Zero trust takes the view that every user is hostile and that threats are omnipresent, both inside and outside the network. Therefore, any traffic that does not have explicit permission is automatically denied access.

What is the bad score rule in Cloudflare? ›

The threat score of a request has a value from 0 to 100, where 0 indicates low risk. Values above 10 may represent spammers or bots, and values above 40 identify bad actors on the Internet.

What is the session duration in Cloudflare zero trust? ›

​​ Set global session duration

You can set a global session duration between 15 minutes and 1 month. In Zero Trust Open external link , go to Settings > Authentication. Under Global session timeout, select Edit, Select the desired timeout duration from the dropdown menu.

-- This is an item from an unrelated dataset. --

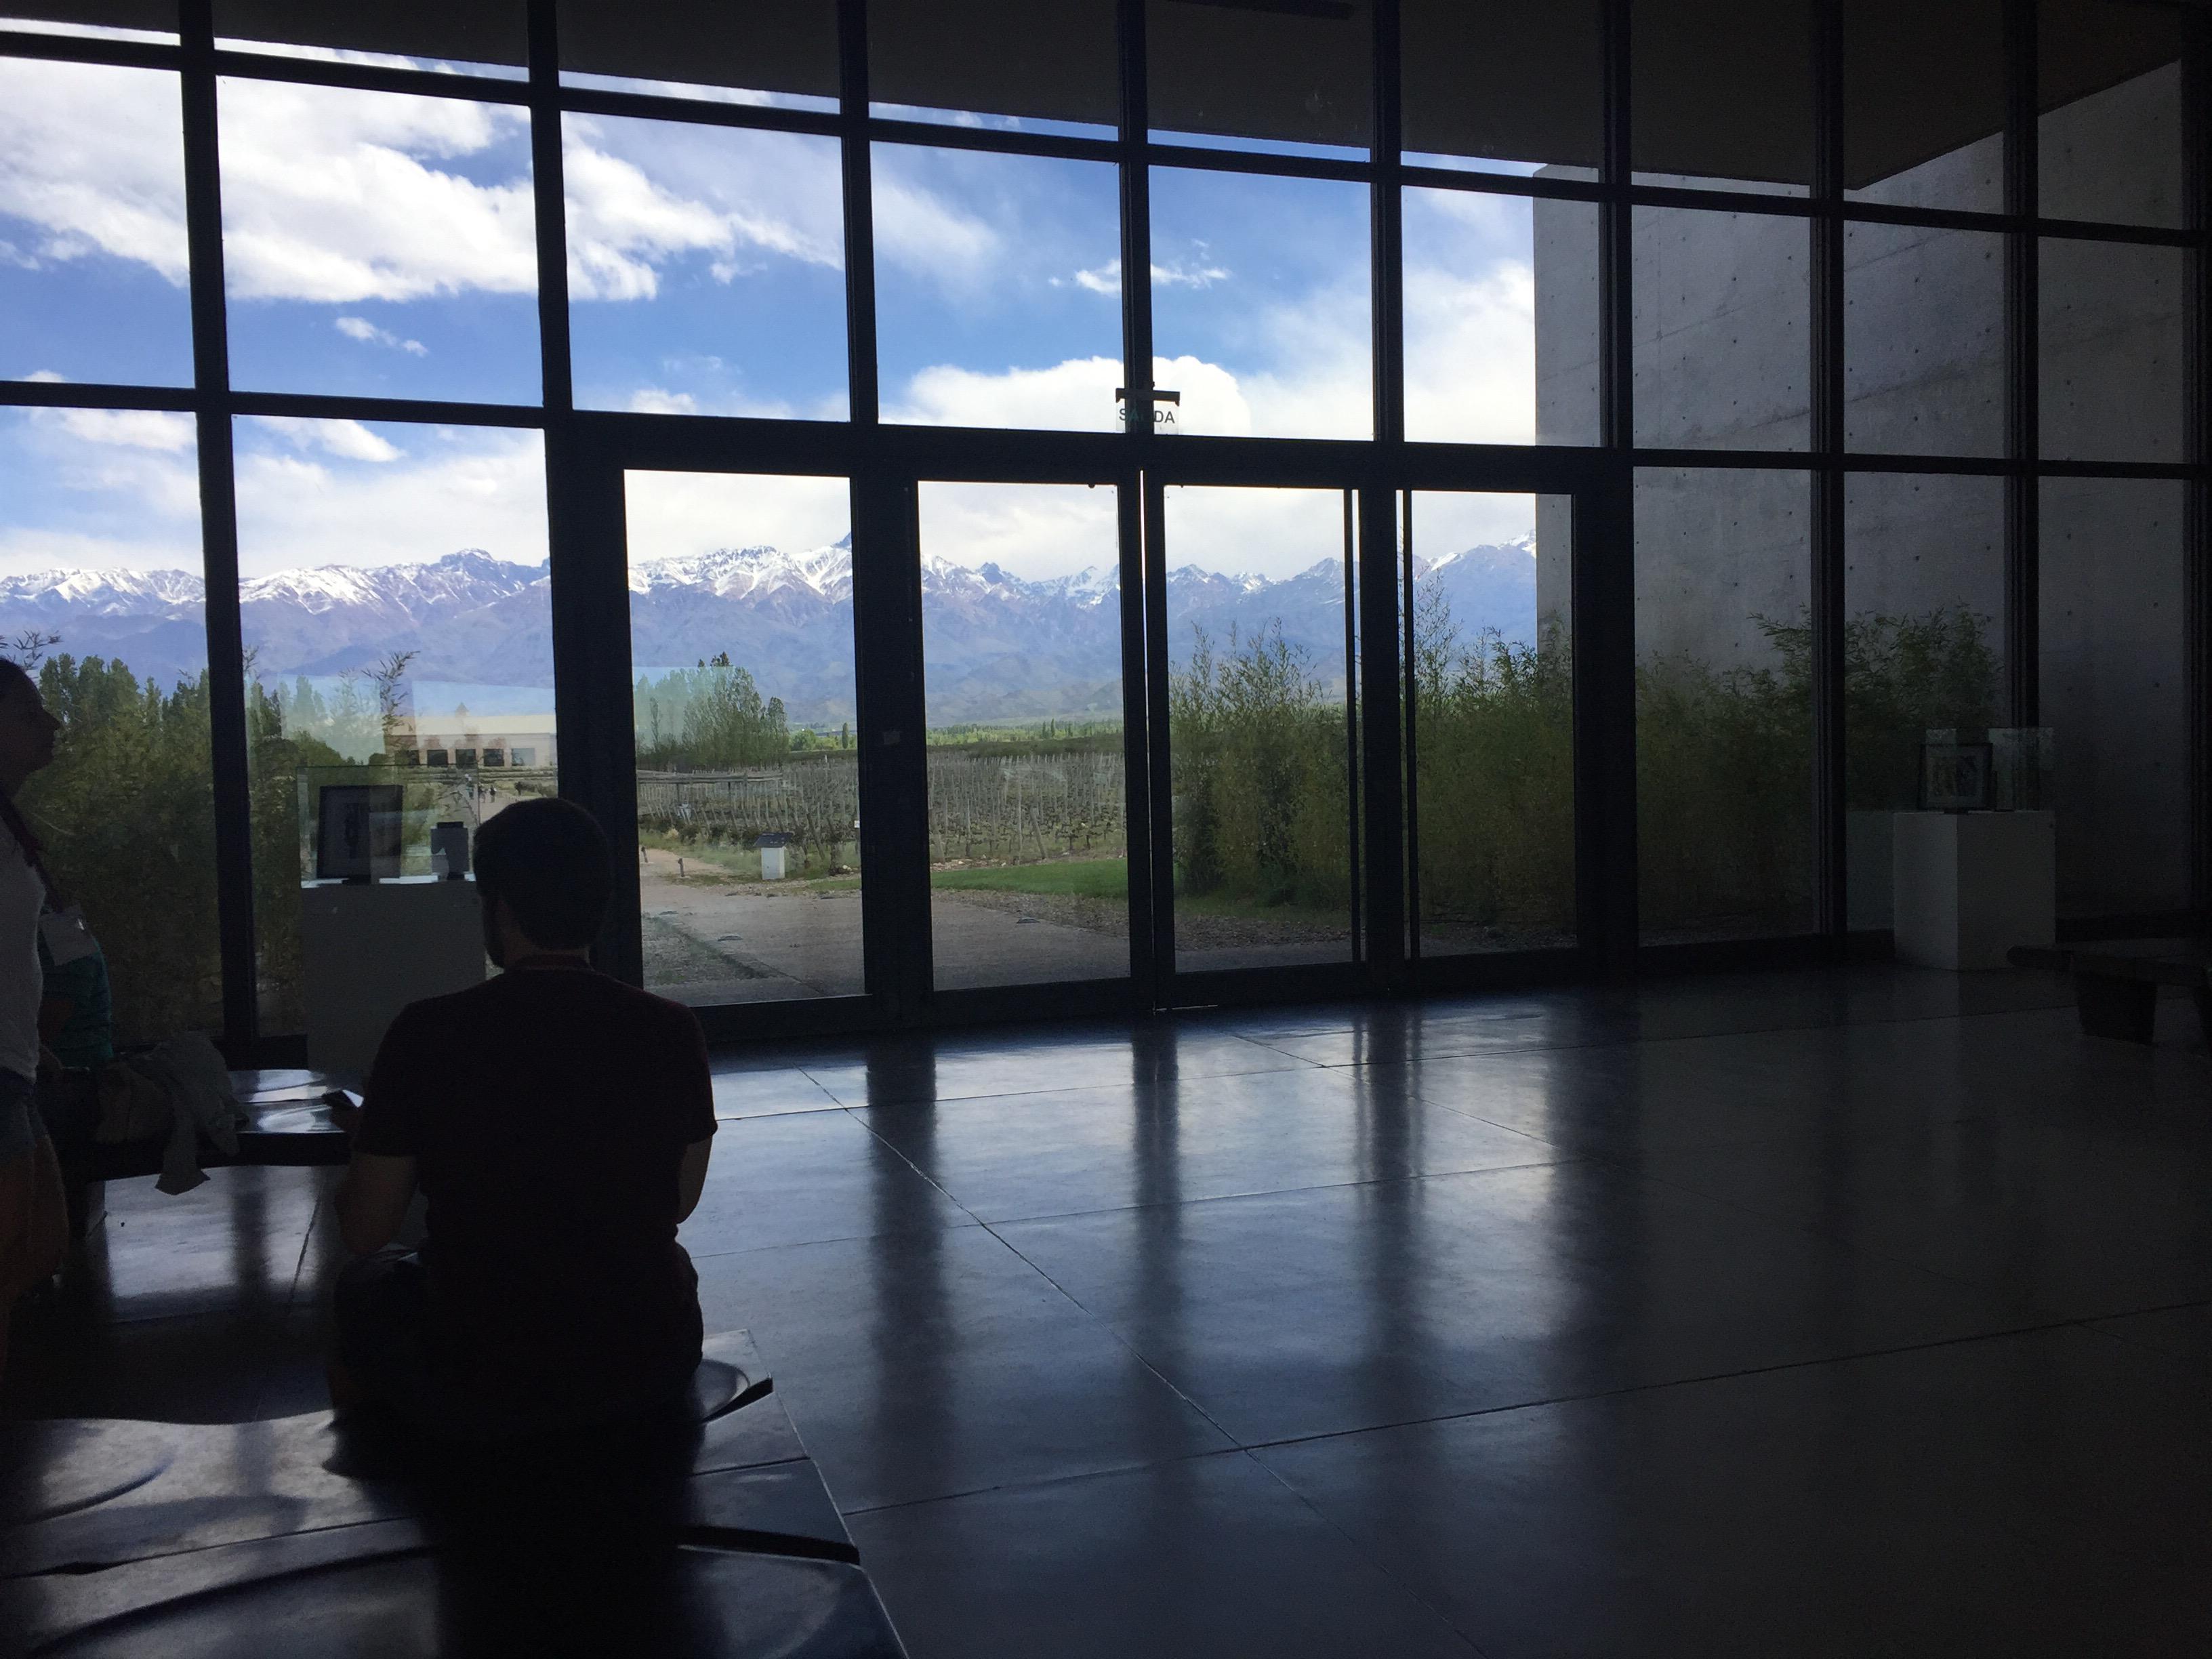 img 8824 - Paseando por la Bodega Salentein en Mendoza

What are Cloudflare rules? ›

Cloudflare Rules allows you to make adjustments to requests and responses, configure Cloudflare settings, and trigger specific actions for matching requests. Rules features require that you proxy the DNS records of your domain (or subdomain) through Cloudflare.

References

Top Articles
Latest Posts
Recommended Articles
Article information

Author: Maia Crooks Jr

Last Updated:

Views: 6093

Rating: 4.2 / 5 (63 voted)

Reviews: 94% of readers found this page helpful

Author information

Name: Maia Crooks Jr

Birthday: 1997-09-21

Address: 93119 Joseph Street, Peggyfurt, NC 11582

Phone: +2983088926881

Job: Principal Design Liaison

Hobby: Web surfing, Skiing, role-playing games, Sketching, Polo, Sewing, Genealogy

Introduction: My name is Maia Crooks Jr, I am a homely, joyous, shiny, successful, hilarious, thoughtful, joyous person who loves writing and wants to share my knowledge and understanding with you.